Outside housing

Sir Keir Starmer has set out his plans for house building for Inside Housing magazine – a paper I used to write for. But I can’t help feeling that if I’d written such a confused and contradictory piece, I’d have been in real trouble with the editor.

After a routine complaint about the difficulties young people have in buying a home of their own, he sets out what the Labour government, now a racing certainty, would do.

“When planning rules mean you can’t build any houses, that is both a wrecker of dreams and a blockage on our national potential,” he writes.

Perhaps he’d care to specify where builders aren’t allowed to build any homes. That’s absurd given the 200,000+ homes built year after year and a million unbuilt consents.

“It’s only by reforming our planning regulations that we can unlock the economic potential of the country.”

So, at the heart of economic growth policy is smashing up the planning system and creating an unplanned mess? Not sure Sir Keir means that. Perhaps he should speak to Rachel Reeves.

“A Labour government would immediately update the National Policy Planning Framework.”

Business as usual then.

“We’ll strengthen planning obligations so new developments provide more affordable homes and introduce binding targets for planning authorities.”

Bit of a complex one this – three possibilities:-

  1. Smash up the planning system and the opportunity to increase obligations goes with it.
  2.  Strengthen the planning system with larger demands on commercial builders to increase, for example, the proportion of “affordable” homes, and that hits their profits.
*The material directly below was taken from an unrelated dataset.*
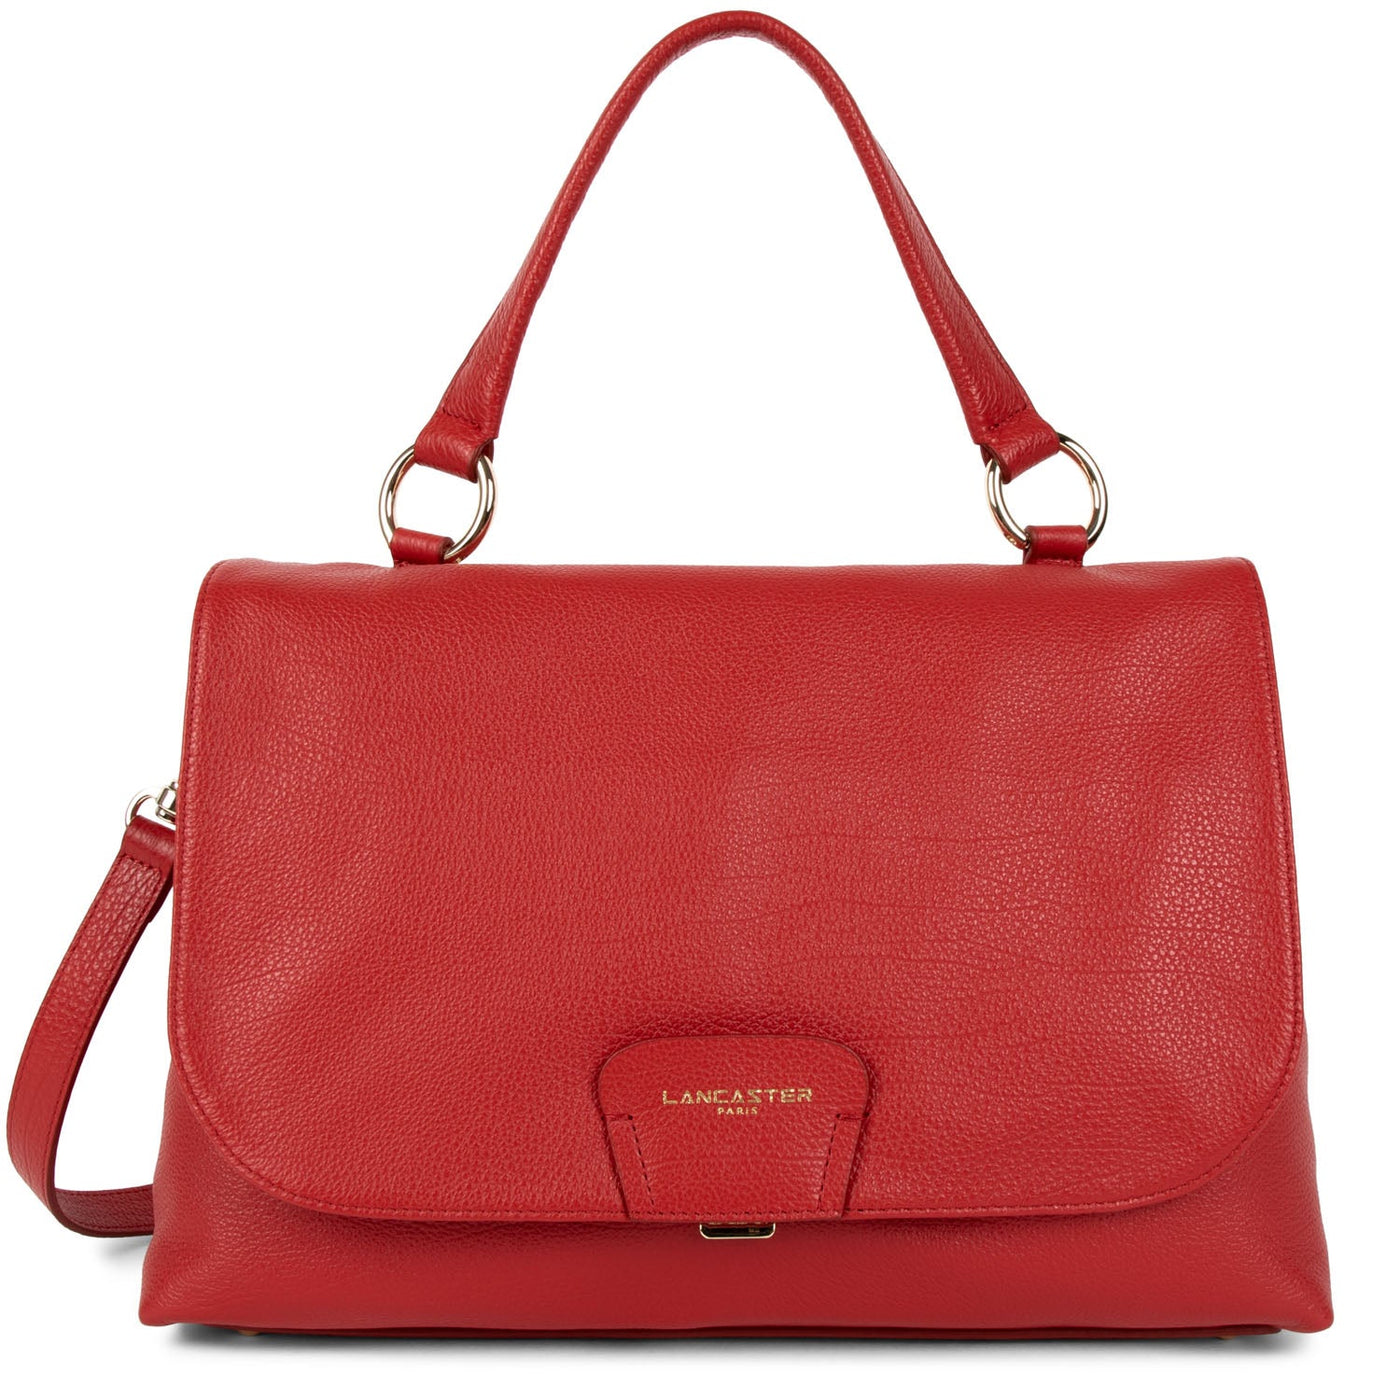 handbag - dune #couleur_rouge

And they don’t get out of bed for less than a 20% rate-of-return so that means fewer homes get built.
  3. Alter the NPPF viability provisions so they can’t use that rate-of-return provision to appeal against consents and they just won’t bother building either.

Any of those options would certainly reduce production of affordable homes – and probably the overall number of market homes built.

“Introduce binding targets for planning authorities.”

As any planning officer can tell you, those targets Sir Keir has so much faith in are just requirements to allocate land in local plans for market builders to build as many low-density greenfield homes as suits their commercial interests. But it doesn’t make them build a single home. The big boys have plans to buy bigger yachts and they don’t give a monkey’s about Government targets.

“It’s obviously vital that local communities continue to shape house building in their area.”

What then? Stronger planning powers for councils? Don’t think that’s what he meant.

Still, perhaps Sir Keir has finally looked at the post-war building heritage he keeps citing and remembered that very high building levels were only achieved by building lots of council, or possibly housing association, homes?

“Labour won’t be afraid to use intervention powers to build the houses we need where necessary… we will prioritise social rented accommodation wherever appropriate.”

Good news if true; the real “housing crisis” certainly needs them. But has Sir Keir told his Treasury team about this huge change in policy? And, if so, why propose retaining right-to-buy, with only minor changes?

Or is it that when he says “Labour will build homes” or “we’ll make councils build homes”, he just means he thinks smashing up planning will encourage commercial house builders to build more homes. Really?

Perhaps he thinks commercial builders will be so delighted at freedom to build houses on England’s green belts – an institution, like the planning system itself, introduced by Labour – that the viability hurdles will be overcome and many tens of thousands of slightly-less-unaffordable homes will be built for recipients of his “Freedom to Buy” scheme?

“We’d take a more strategic approach to greenbelt land to build more homes in the right places.”

“Strategic” here, is presumably used in the sense of “unsustainable car-dependent sprawl”. Green belts, however, continue to do the heavy lifting in Labour’s market house building ambitions.

“In so many places, land currently registered as green belt would better be described as a ‘grey belt’ of disused carparks and dreary wasteland.”

This Old Grey Piffle Test does keep changing. It’s been “disused petrol stations”, “scrub”, “disused car washes” and “wasteland”, Now our tiny legacy of disused car parks can add to the tiny but contaminated legacy of disused petrol stations and nature-rich scrubland to provide the one-and-a-half-million homes Sir Keir wants to see.

Thousand-storey tower-blocks anyone? Green belts would certainly look “dreary” then.

Perhaps Sir Keir thinks attacking an, er, historic Labour legacy makes him look tough. Well, perhaps he should remember that quite a few English cities don’t have green belts on whose “dreary” bits to dump sprawl. Leicester, Southampton, Portsmouth, Norwich, Exeter, Peterborough, Ipswich, Chelmsford, Colchester, indeed anywhere on the south or east coasts apart from Bournemouth etc., etc..

Well, you get the picture, no ”grey belt” opportunities there. Maybe time to exercise some grey matter?

The rest of it doesn’t amount to much and I’m afraid if Sir Keir fancies a job as a writer on Inside Housing, he’ll need to work harder than this. It belongs on the electronic version of the old “spike”.

Perhaps it’s time Labour’s leadership stopped letting Tufton Street’s neoliberal think-tanks determine their policy on housing and planning.